In his dealings with other people he should behave in such a way as to try to please Allah. In brief, all his energies should be directed towards regulating the affairs of this world in the way in which Allah wants them to be regulated. The better a man does this, with a sense of responsibility, obedience and humility, and with the object of seeking the pleasure of the Lord, the nearer will he be to Allah. Islam rejects and condemns the ascetic view of life, and proposes that the spiritual development of man would take place not outside this world but inside it. The real place for the growth of the spirit is in the midst of life and not in solitary hibernation. In Islam, spiritual development is synonymous with nearness to Allah. Distance from Allah signifies, in Islam, the spiritual fall and decay of man.

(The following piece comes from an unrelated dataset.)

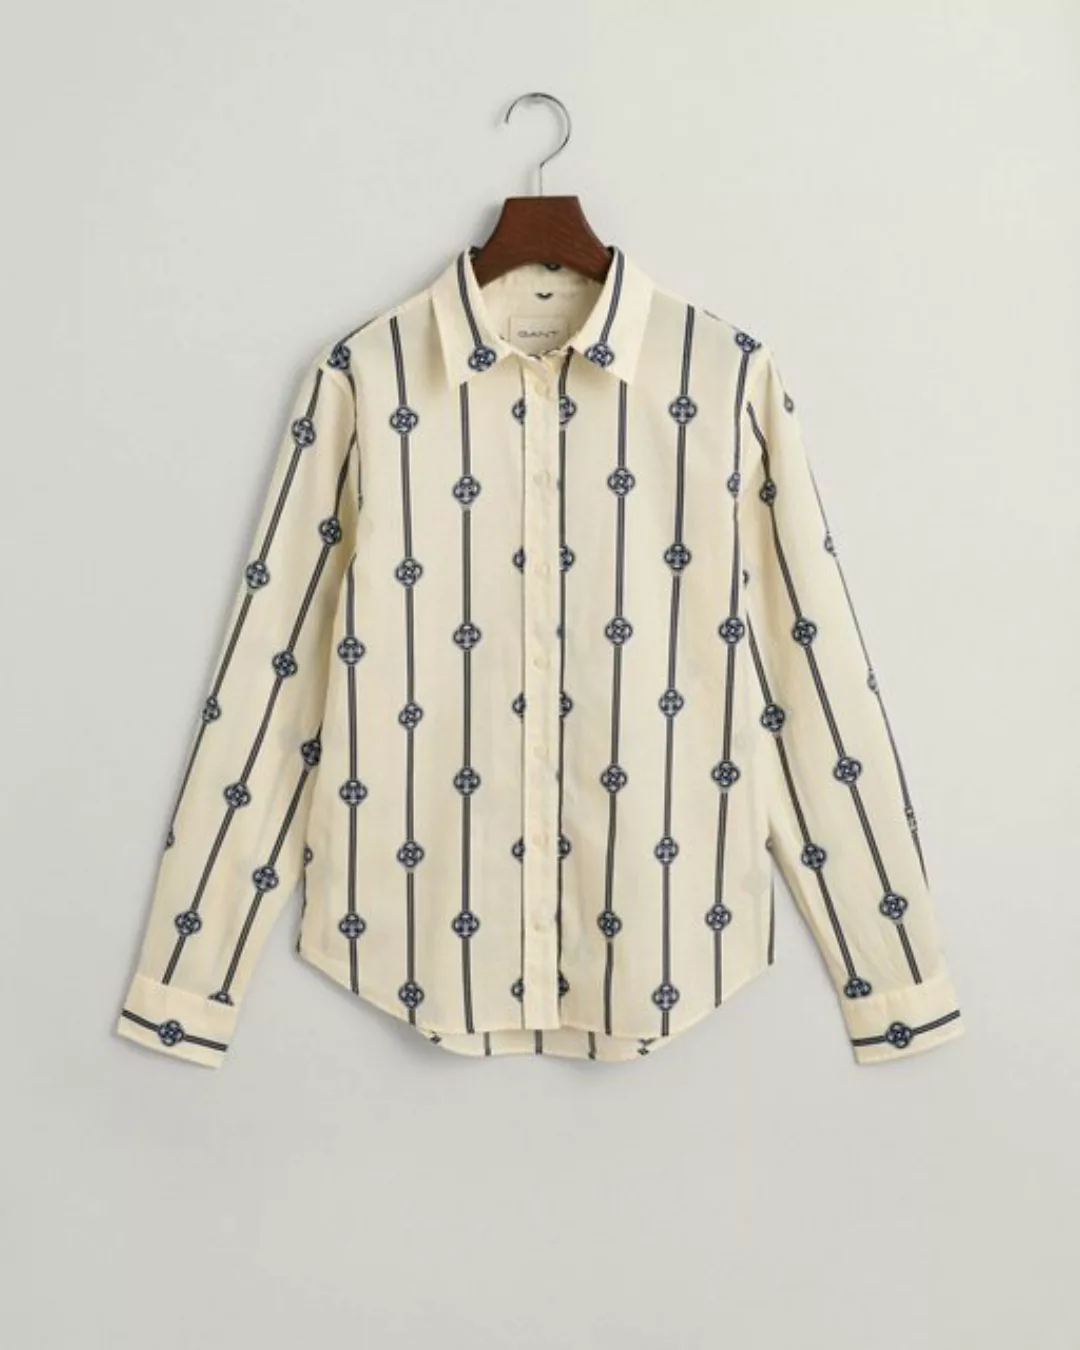 Gant Longsweatshirt günstig online kaufen

Maududi [10] points out that what will distinguish the actions of the secular and religious will be the nature of their relationship with Allah and the aims behind their actions. Whatever a religious man does, will be done with the feeling that he is answerable to Allah, that he must try to secure Divine pleasure, that his actions must be in accordance with Allah’s laws. A secular person will be indifferent towards Allah and will be guided in his actions only by his personal motives. This difference makes the whole of the material life of a man of religion a totally spiritual venture, and the whole of the life of a secular person an existence devoid of the spark of spirituality. Thus spirituality is linking of actions to the purpose of life. Actions on their own, without using this framework are just actions or material constructs.

The Islamic road to achieve spirituality passes through several stages, starting from Iman (faith) and progressing towards It~at (obedience, subservience), Taqwa (piety, Allah consciousness), to Ihis~an (Godliness). Faith (Iman) in Islam is a state of happiness acquired by virtue of positive action and constructive conceptions as well as dynamic and effective measures (Hammudah AA [11] ). According to Islam, true faith has a decisive effect on the spiritual and material lot of man, and also on his personal and social behaviour as well as his political conduct and economic life. There are numerous references in the Holy Quran and traditions of the Prophet on this aspect.

The laws of practical ethics in the holy Quran rest largely upon the principles of justice, but charity, philanthropy, generosity, gratitude and sincerity are also recommended. Strict honesty is demanded in business dealings, with just balances, and upright intentions. Lies of all kinds are condemned, the taking of bribes is strictly forbidden. This is especially the case in regard to trusts concerning orphans. Wrong to the orphan is held to be a grievous sin, and in many Suras of the holy Quran there are one or two verses which say in effect ‘ Do not touch the property of orphans’. Charity and philanthropy occupy a very important place. There are several commands like ‘ Pray, give alms, and the good which you do will find with God, who sees all your actions’ (Patrick, 1901).

Thus we see that one the one hand, Allah commands man to follow all is commands and injunctions, yet at the same time prescribes a prosocial behavioural path for him to follow. In essence, the spirituality of Islam is in fact the righteous and prosocial behavior with the knowledge that it is being done with the pure intention of pleasing Allah.